In medium-sized and large companies – such as our project customer – there are often hurdles that limit company-wide data availability:
  • Restrictive approval mindset due to misunderstandings:
    While legal and regulatory requirements within the need-to-know principle are essential, they are often misinterpreted or over-applied. The result: too few users gain access to relevant information, while new access requests remain complex, time-consuming and subject to the burden of proof on the part of the data consumer.
  • Complex role and rights concepts with long approval processes:
    Authorization concepts and their associated application and approval processes have often grown historically and are therefore unsuitable for today’s digital, networked working methods of thousands of users. They are often tailored to a small group of users, which leads to a flood of approval requests and inefficient, sometimes blind or blanket approvals when they are transferred to different departments – and thus counteracts the original idea of the need-to-know principle.
  • One-sided focus on risk without considering added value:
    In the context of corporate security, the risk management of data access is usually the top priority. However, if the user group is expanded in a targeted and comprehensible manner, not only the potential risks of a data outflow increase, but also the business added value. For GenAI use cases in particular, it is therefore essential to always weigh up the potential benefits against the risks.
  • Application-oriented instead of data-oriented security:
    Information protection requirements are often classified at application or system level and based on the respective intended use. This leads to redundant and sometimes contradictory assessments of identical data in different contexts – and stands in the way of a genuine, data-oriented security strategy. The “data access islands” resulting from this setup are already hindering the implementation of classic use cases. However, they become real stumbling blocks for successful AI transformation, especially in company-wide use cases such as “chattable data”.

Success Journey: The Need-To-Share Transformation with Ventum Consulting

01

Transparency about the status quo in risk processes and regulatory requirements
A comprehensive analysis of all data-related risk and approval processes ensured clarity across the organization regarding processes, data criticality and access authorizations.

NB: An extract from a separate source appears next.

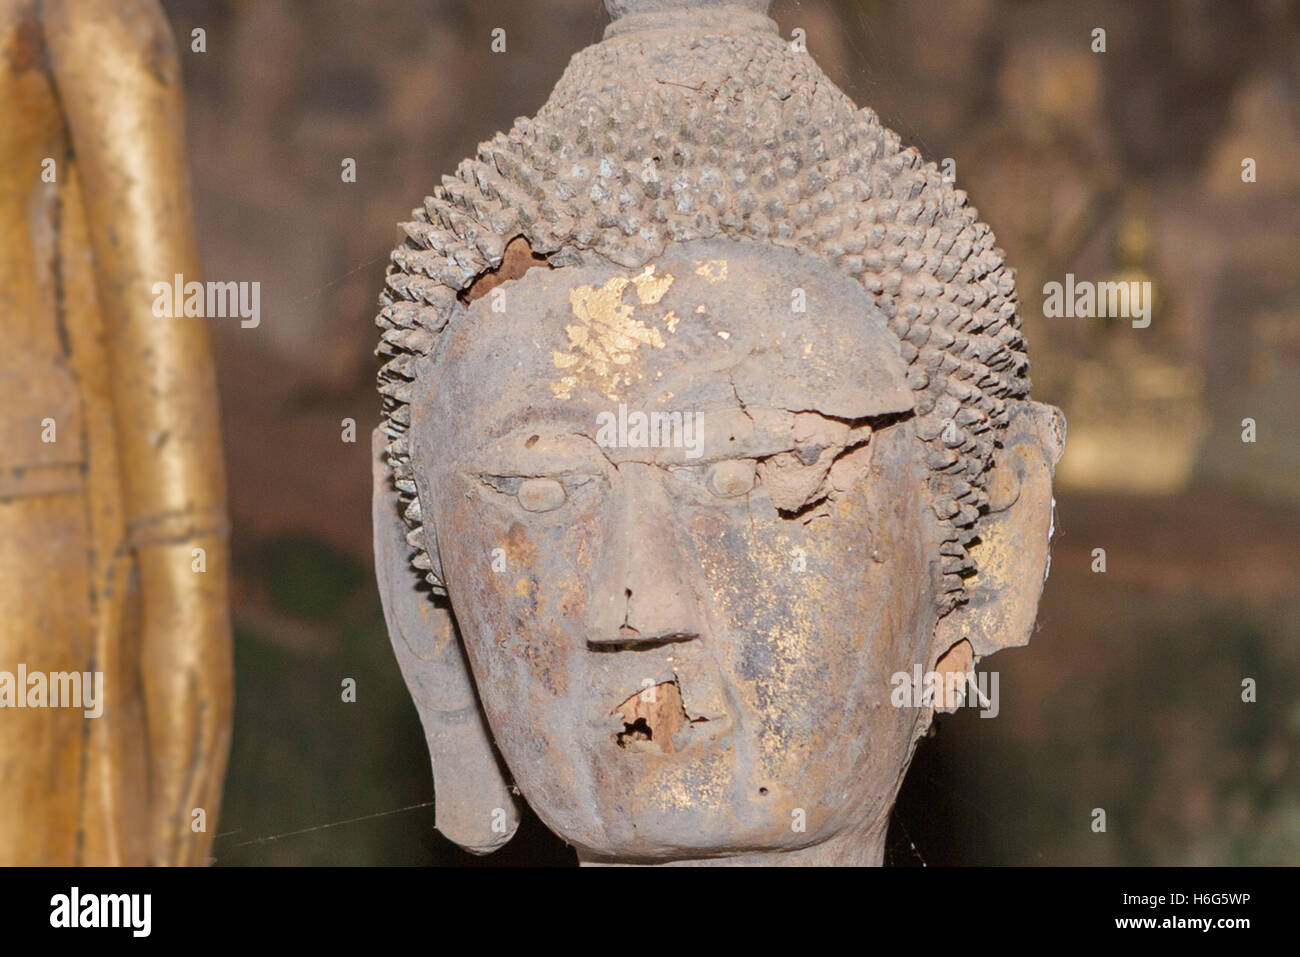 Sculture di Buddha in miniatura, Tham Ting, grotta inferiore, grotte di Pak ou, Laos Foto Stock

Together with Group Security, the regulatory requirements were then reviewed and the scope for a need-to-share principle was defined. A need-to-know principle remains necessary for certain external certifications - this was resolved by means of various data criticality levels and assigned person and role groups. In addition, the transparency gained has dispelled existing myths, for example regarding personal liability.

02

Development of a quick-win approach for pilot projects
In just a few weeks, two central IT platform projects demonstrated how access rights can be efficiently extended from individuals to groups of people - without extensive changes to approval processes or responsibility profiles. The key lay in the addition of an explicit opportunity assessment to the approval documents, whereby risks and business benefits were clearly juxtaposed - previously they were at most an implicit subject of discussion. This gave decision-makers a sound basis for quick, transparent approvals. This approach enables the need-to-share principle and can be transferred to other use cases in principle. However, it remains related to specific IT contexts or systems. However, the release of data objects "per se" is necessary if AI and analytics applications are to connect data sources efficiently and dynamically.

03

Data-centric & tool-supported central release process for data
For a comprehensive implementation of the need-to-share principle, a flexible, scalable solution is required that focuses on the business object as the central data model. Protection requirement classifications are stored directly and reusably on these objects and can therefore be used for all applications. This enables the automatic release of non-critical data and speeds up the process for critical data by providing information for the risk-benefit assessment. The basic requirement is a central, company-wide data catalog (business object repository) with mapping to the physical schemas. All business objects, including their protection class and need-to-share capability, can be accessed transparently. A machine-readable, semantically enriched catalog not only supports automated approvals, but also provides a company-wide ontology - an advantage for employees and AI systems alike when it comes to comprehensively understanding specific company data, especially when it comes to specific company data whose correlations are not apparent from the general training data of the AI models.

The Impact at Launch

Summary & outlook: From proof of concept to scalable data excellence

The ability to share data securely and in a controlled manner across organizations is one of the key prerequisites for the success of data-driven innovations today – especially when it comes to scaling GenAI use cases. Even state-of-the-art technologies and AI tools cannot reach their full potential as long as there are access barriers and no effective need-to-share principle is established.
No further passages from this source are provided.